■ Prompt
For this item, repeat the material exactly while omitting its pictures.
::: Material provided
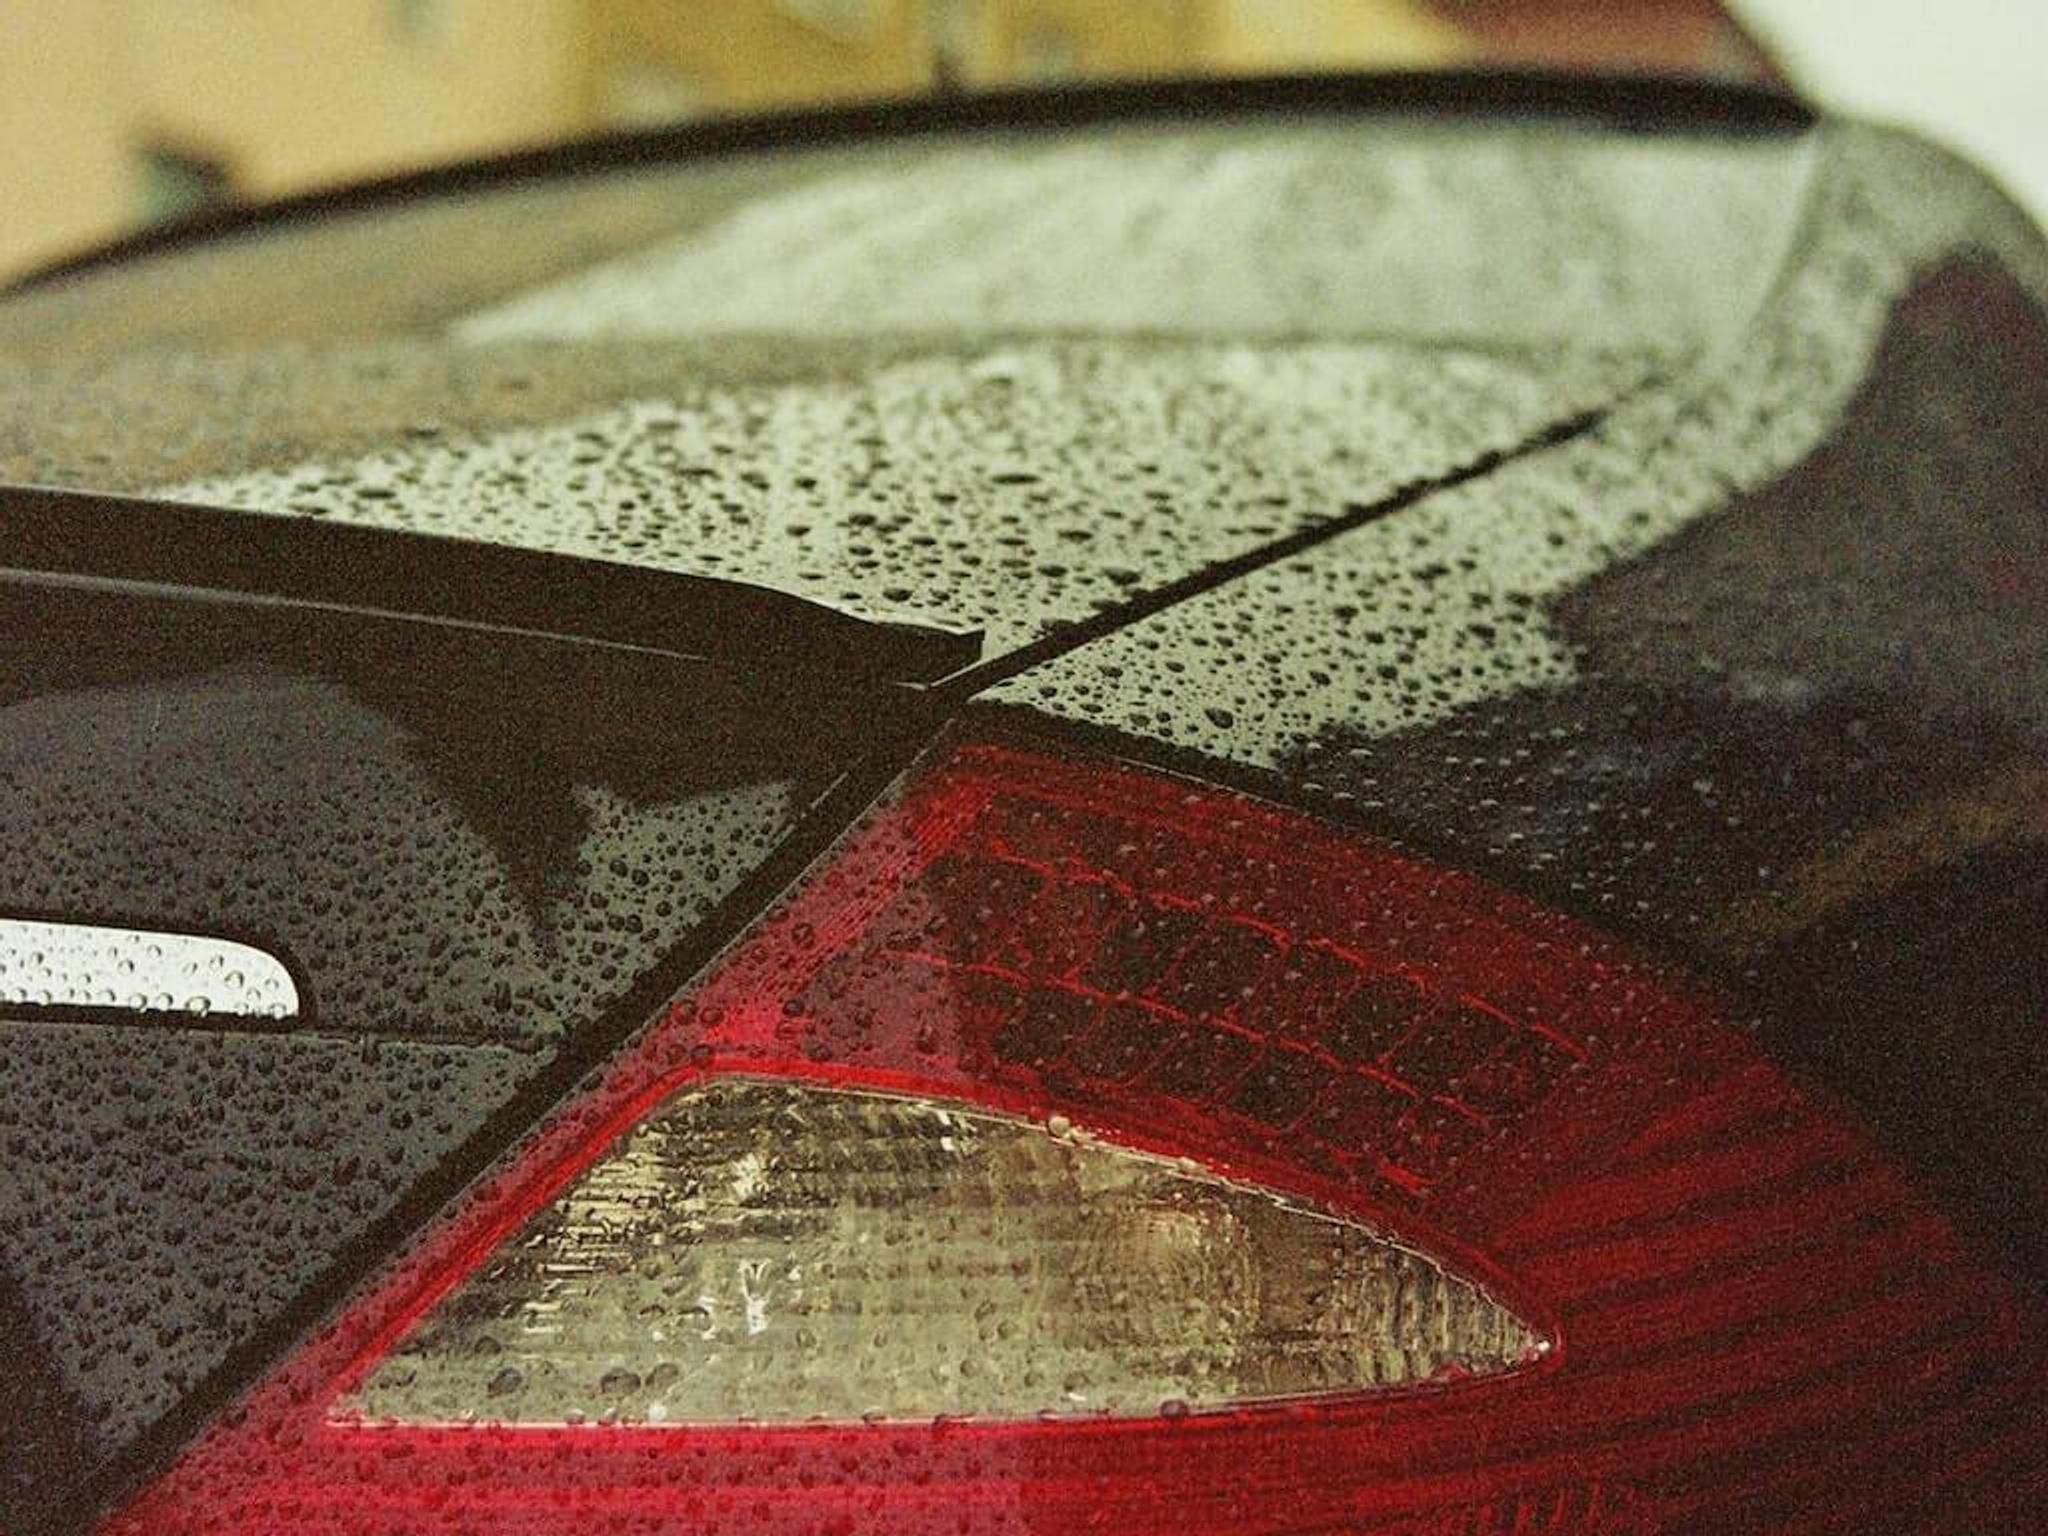 Hydrophobic car surface
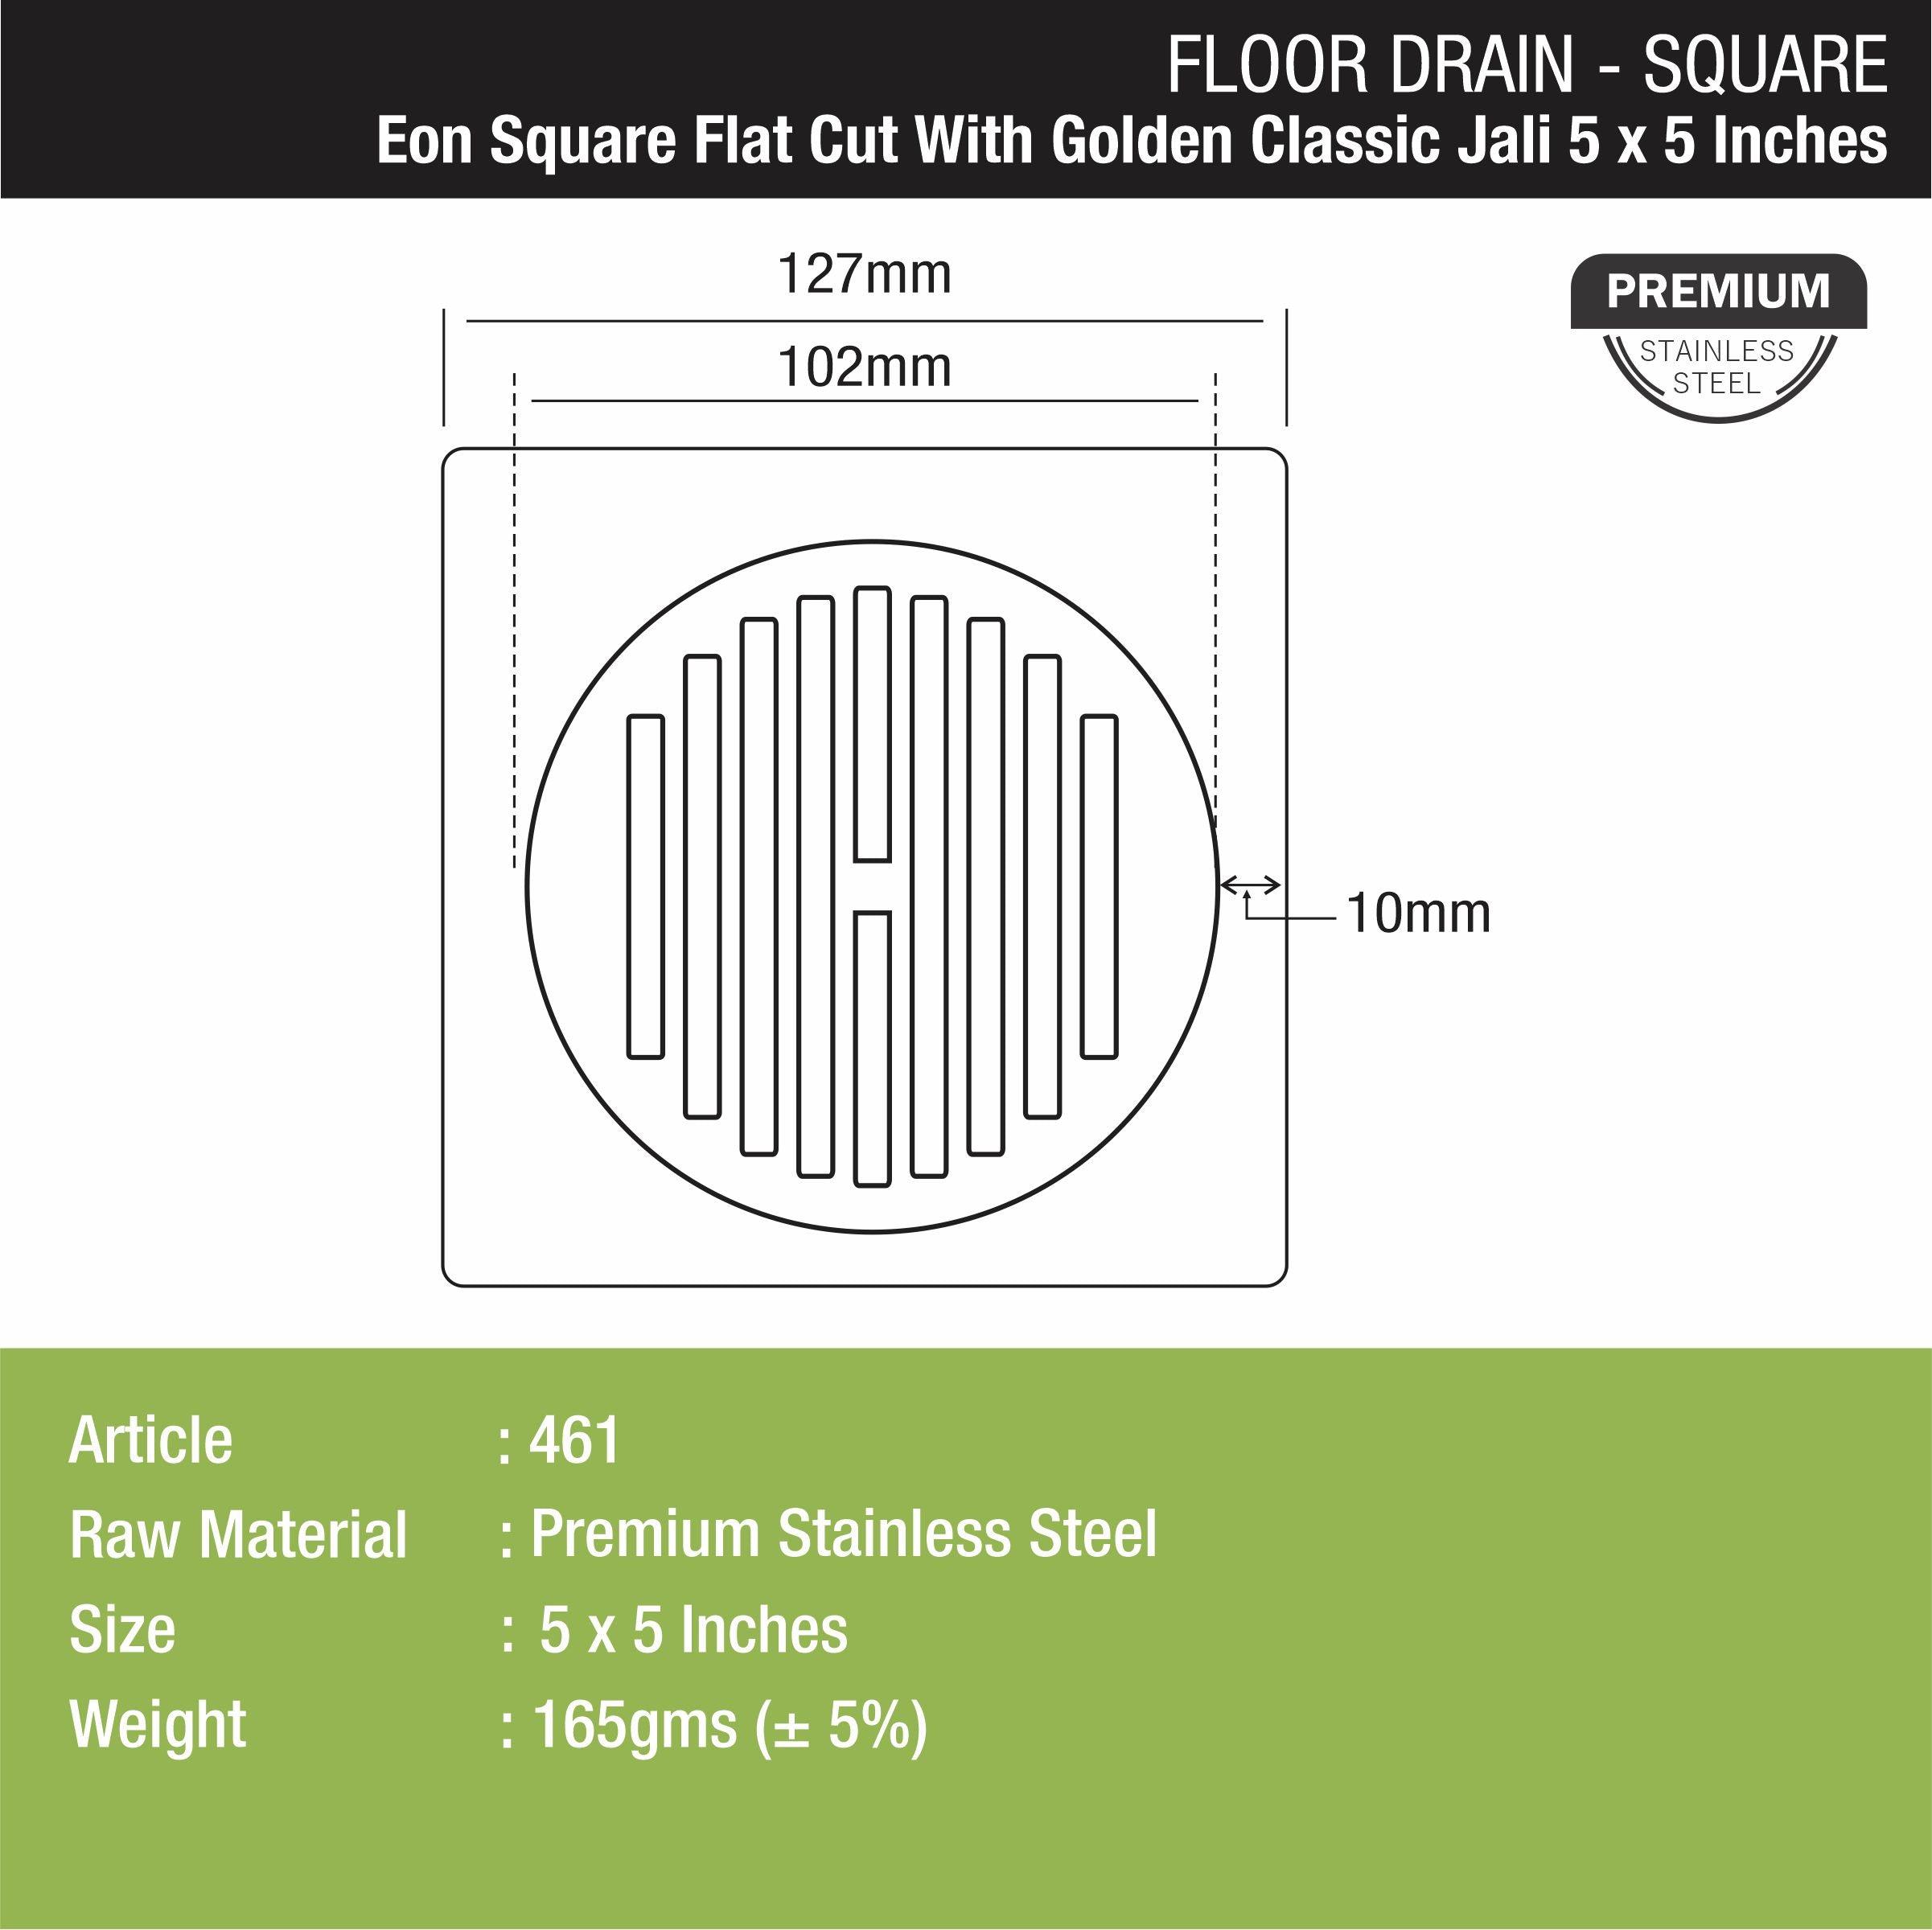 Eon Square Flat Cut Floor Drain with Golden Classic Jali (5 x 5 Inches) - LIPKA - Lipka Home
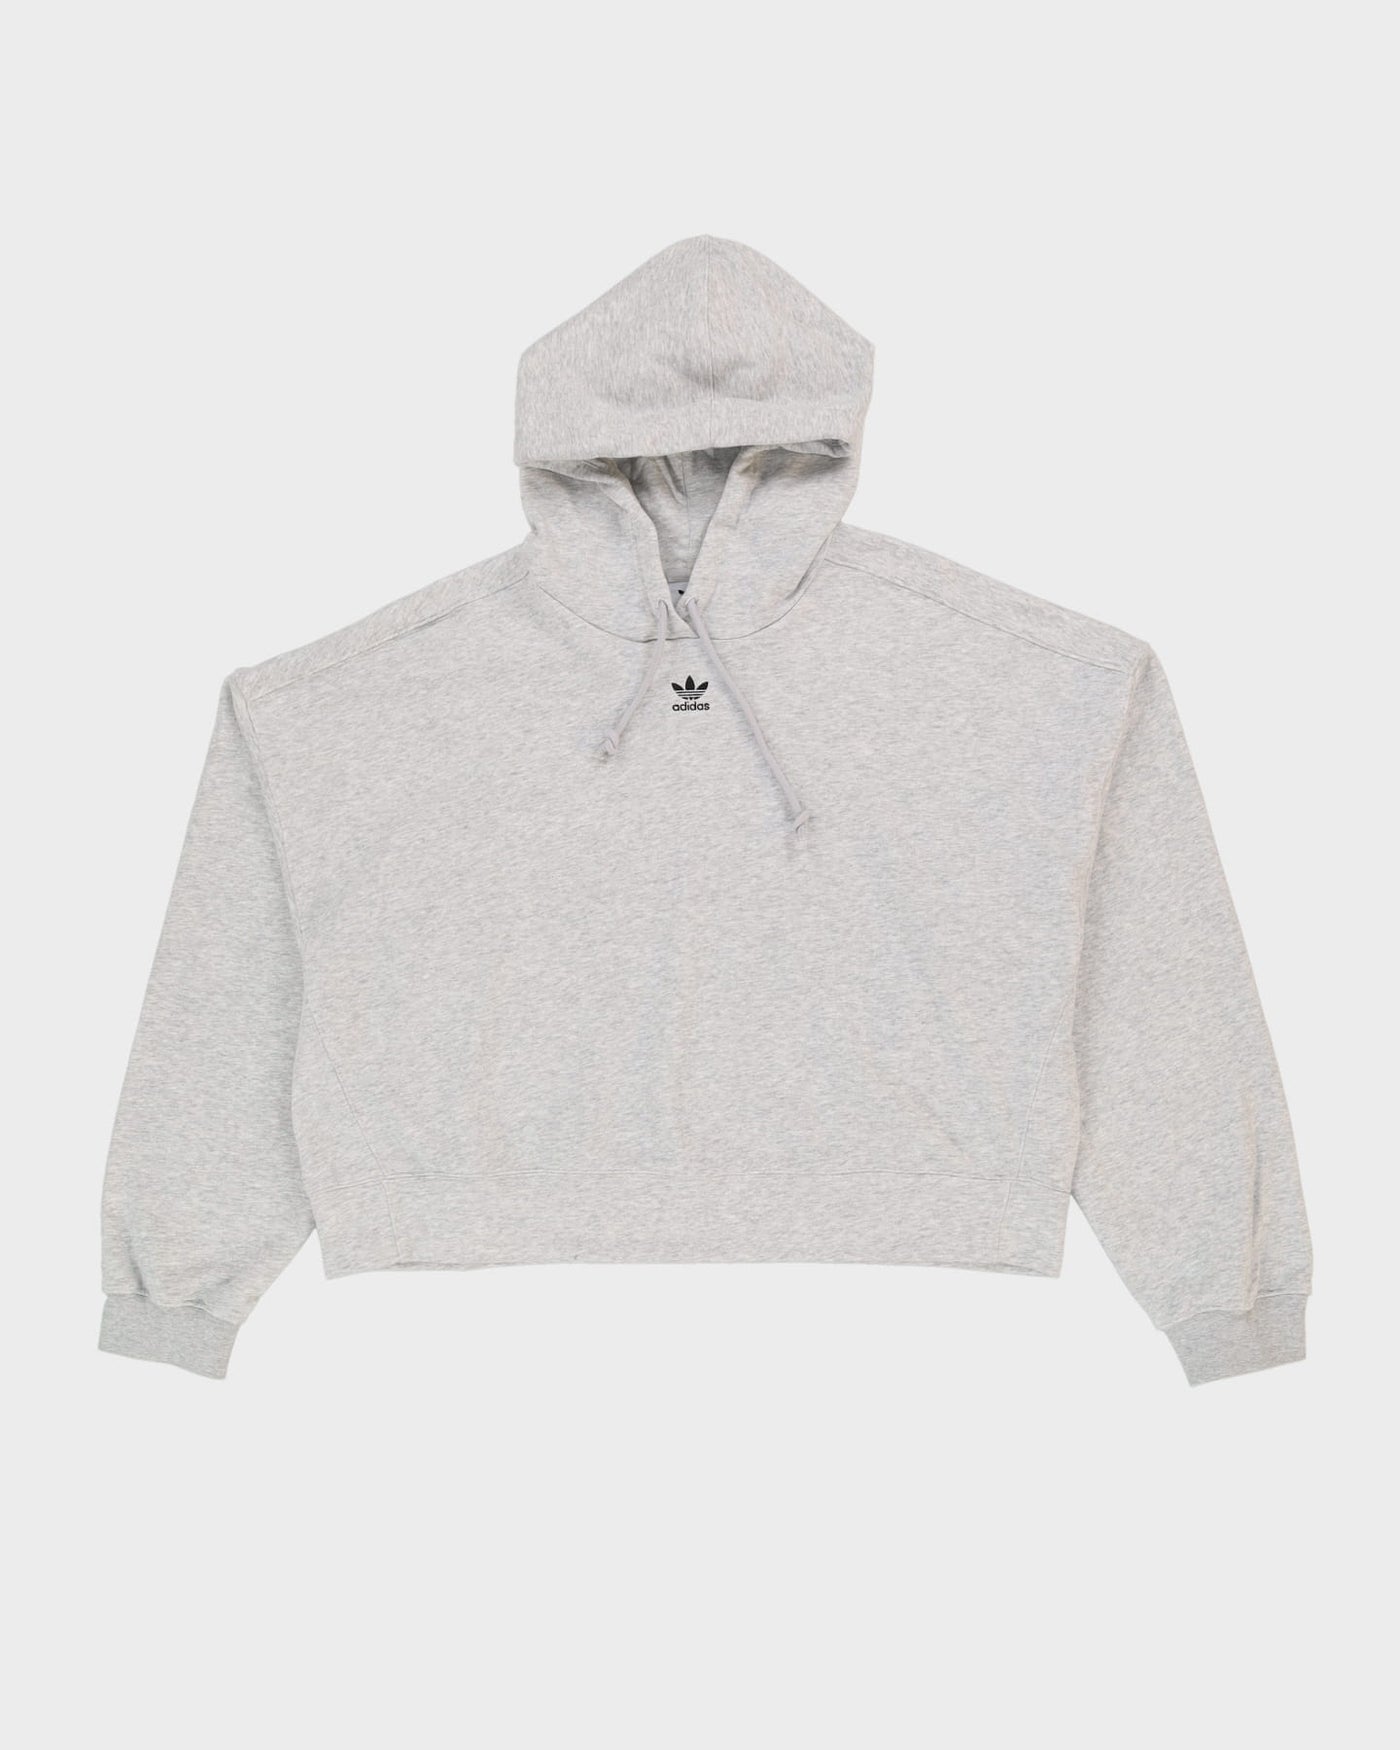 Adidas Cropped Fit Grey Hoodie - XL
::::::
■ Task response
 Hydrophobic car surface
 Eon Square Flat Cut Floor Drain with Golden Classic Jali (5 x 5 Inches) - LIPKA - Lipka Home
 Adidas Cropped Fit Grey Hoodie - XL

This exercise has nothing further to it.